Surya pun mengangguk-anggukan kepalanya paham, walaupun dirinya merasa cemburu juga pada Jaiden. Karena Keisha sang pujaan hatinya, menyukai Jaiden lebih dari yang dirinya ketahui.


"Apa kita disini hanya berkeliling saja? Dan kau meminta ku untuk menyorong troli kosong ini," Ucap Surya.


Karena semenjak kedatangan mereka di supermarket tadi, Keisha meminta Surya untuk mengambil troli dan mendorongnya. Padahal Keisha sendiri pun tidak tahu, kenapa dirinya mengajak Surya ke supermarket.


"Aku binggung," Sahut Keisha.


"Tentang perasaanmu?" Tanya Surya.


Keisha menggelengkan kepalanya, "Aku binggung kenapa aku datang ke supermarket?" Tanya Keisha.

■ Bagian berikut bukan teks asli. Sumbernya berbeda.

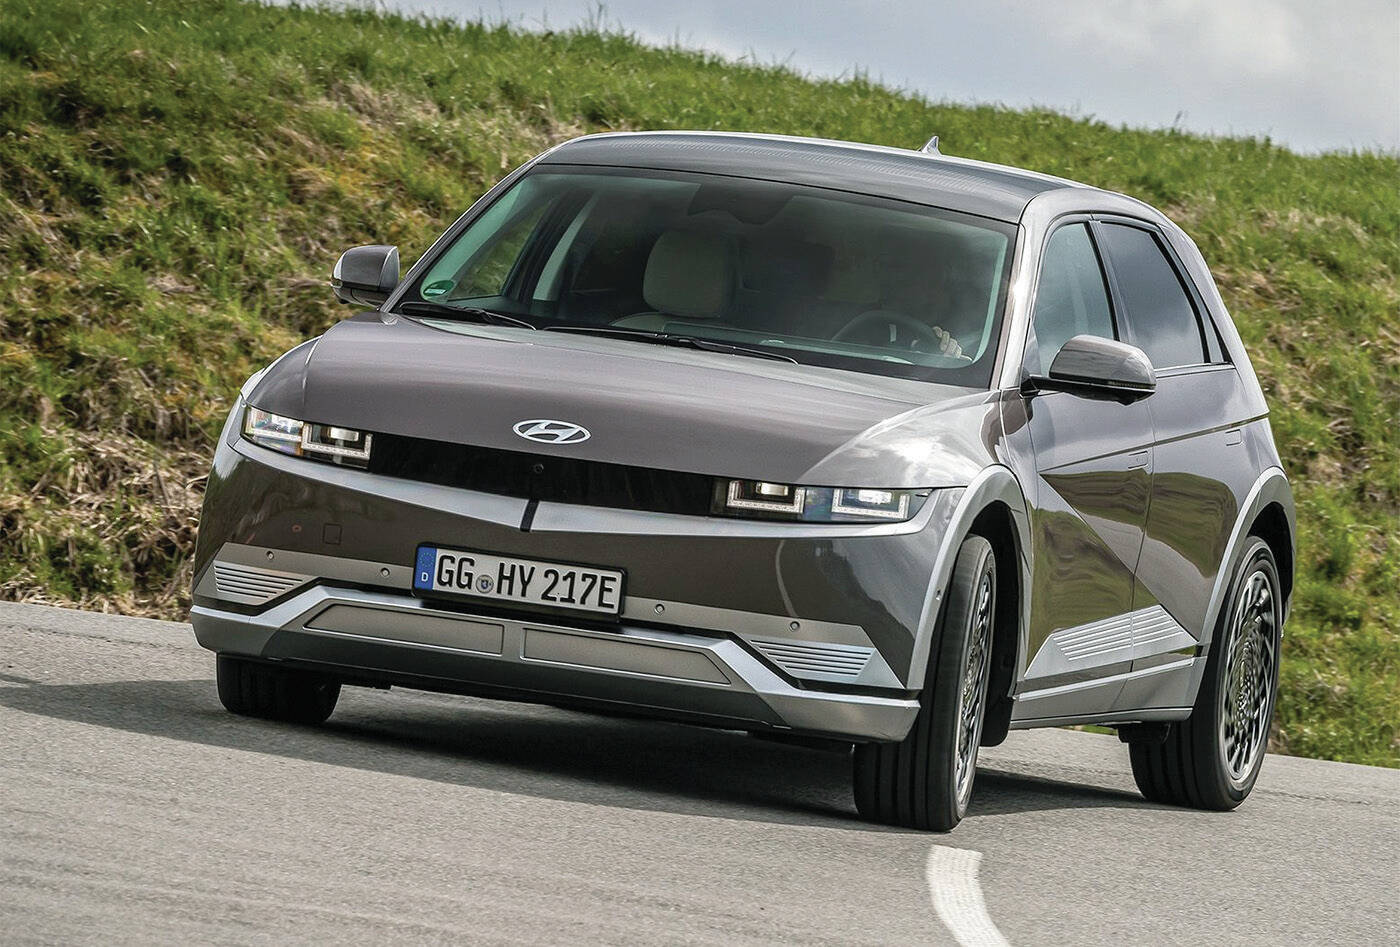 Hyundai will create a performance-oriented version of the Ioniq 5 electric vehicle, called the N. The Sleuth expects it will get the 576-horsepower system from the related Kia EV6 GT.

Lantas Surya memutar bola matanya malas, "Menyebalkan sekali!" Ucap Surya, dan memilih untuk berjalan terlebih dahulu sembari mendorong troli tadi.


"Jaiden!" Panggil Keira.


Jaiden pun mengalihkan perhatiannya pada sumber suara yang memanggilnya, dan mendapatkan beberapa teman-temannya yang sedang berdiri disana. Lantas Jaiden pun memutuskan, untuk mengajak Thalia berkumpul dengan teman-temannya.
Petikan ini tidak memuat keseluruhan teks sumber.